2015 ISAKOS Biennial Congress Paper #172

ACL Degeneration as an Early Marker of Future Osteoarthritic Changes in the Knee

Eric Duerr, BS, Pittsburgh, Pennsylvania UNITED STATES
Amir Ata Rahnemai Azar, MD, Pittsburgh, PA UNITED STATES
Freddie H. Fu, MD, Pittsburgh, PA UNITED STATES
James J. Irrgang, PT, PhD, FAPTA, Pittsburgh, Pennsylvania UNITED STATES

University of Pittsburgh, Pittsburgh, Pennsylvania, USA

FDA Status Not Applicable

Summary: This study provides evidence in support of an association between degeneration of the posterolateral (PL) bundle of the ACL, as indicated increased MRI signal intensity and the development of symptomatic radiographic knee osteoarthritis within 4 years.

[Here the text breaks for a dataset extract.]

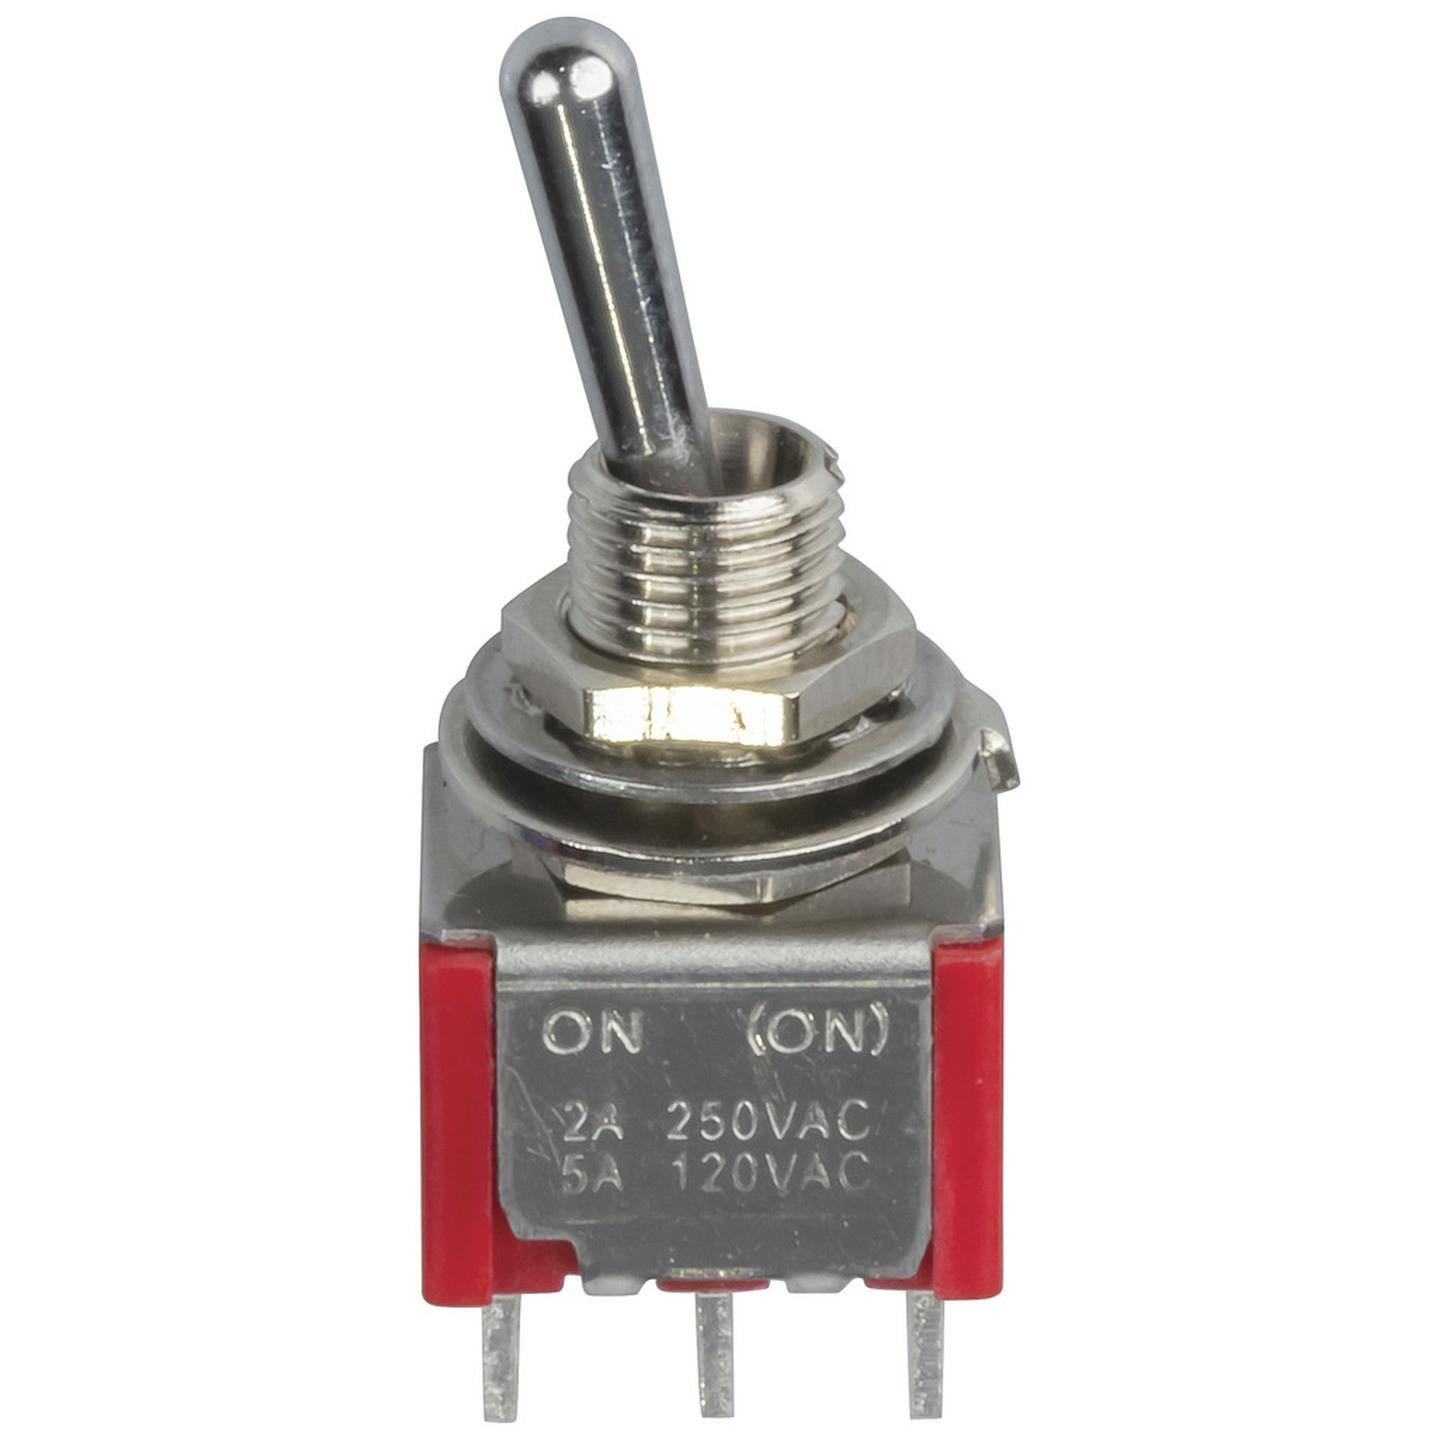 DPDT Miniature Toggle Switch - Solder Tag - on - none - mom

Atraumatic degeneration of the ACL is prevalent in knees with osteoarthritis (OA).1 The posterolateral (PL) bundle is degenerated more often and to a higher degree than the anteromedial (AM) bundle.2 These degenerative changes can precede or initiate the development of OA.3 The primary aim of this study is to determine if degeneration of the AM and/or PL bundles predicts the future development of symptomatic, radiographic knee OA.

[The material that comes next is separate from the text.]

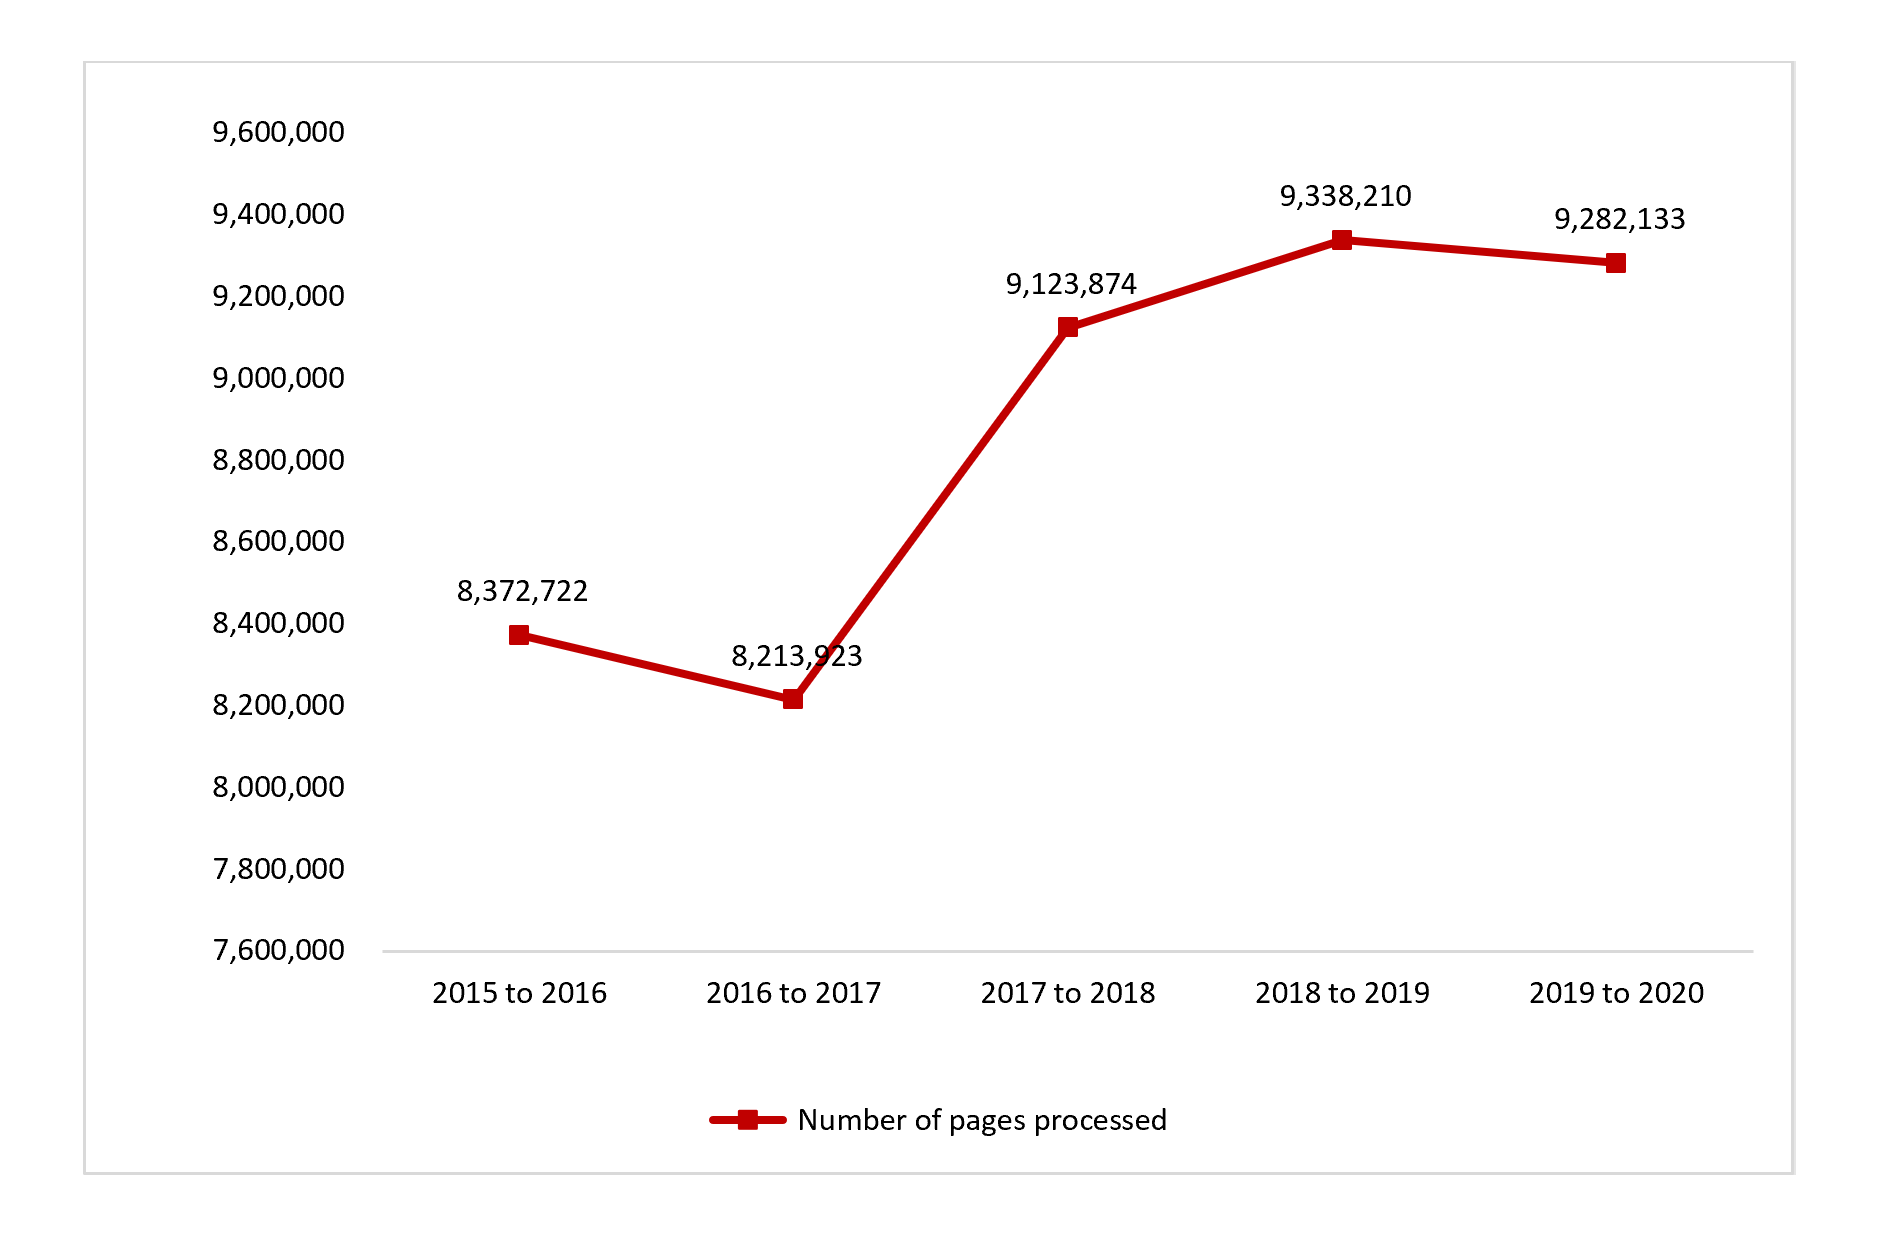 number of pages processed in response to closed personal information requests, from fiscal year 2015 to 2016 to fiscal year 2019 to 2020. Text version below:

This case-control study included subjects from the “incidence” cohort of the Osteoarthritis Initiative (OAI), which is a prospective longitudinal study of individuals at “elevated risk” of developing OA over 4 years. Knees were determined to have OA if both symptoms and radiographic findings were present. Ninety-eight subjects with (cases) and 98 controls without symptomatic, radiographic OA at the end of 4 years were selected and matched for sex, age and BMI. Subjects were excluded if they had a partial or complete ACL tear on baseline MRI. Baseline-levels of ACL degeneration were quantified using MRI signal intensity as a marker of degeneration. MRI signal intensities were standardized using the signal/noise quotient (SNQ): SNQ = (signal ACL – signal patellar tendon) / signal air. SNQs of the proximal, mid and distal portions of the AM and PL bundles were calculated. The mean SNQ for each bundle were also calculated by averaging all portions of each bundle. The measurements were made by 2 independent masked raters. Statistical analysis included paired t-tests to determine differences in the SNQs of the AM vs. PL bundles and differences in cases vs. controls. Intra-class correlation coefficients (ICCs) were calculated to determine reliability using 10% of subjects.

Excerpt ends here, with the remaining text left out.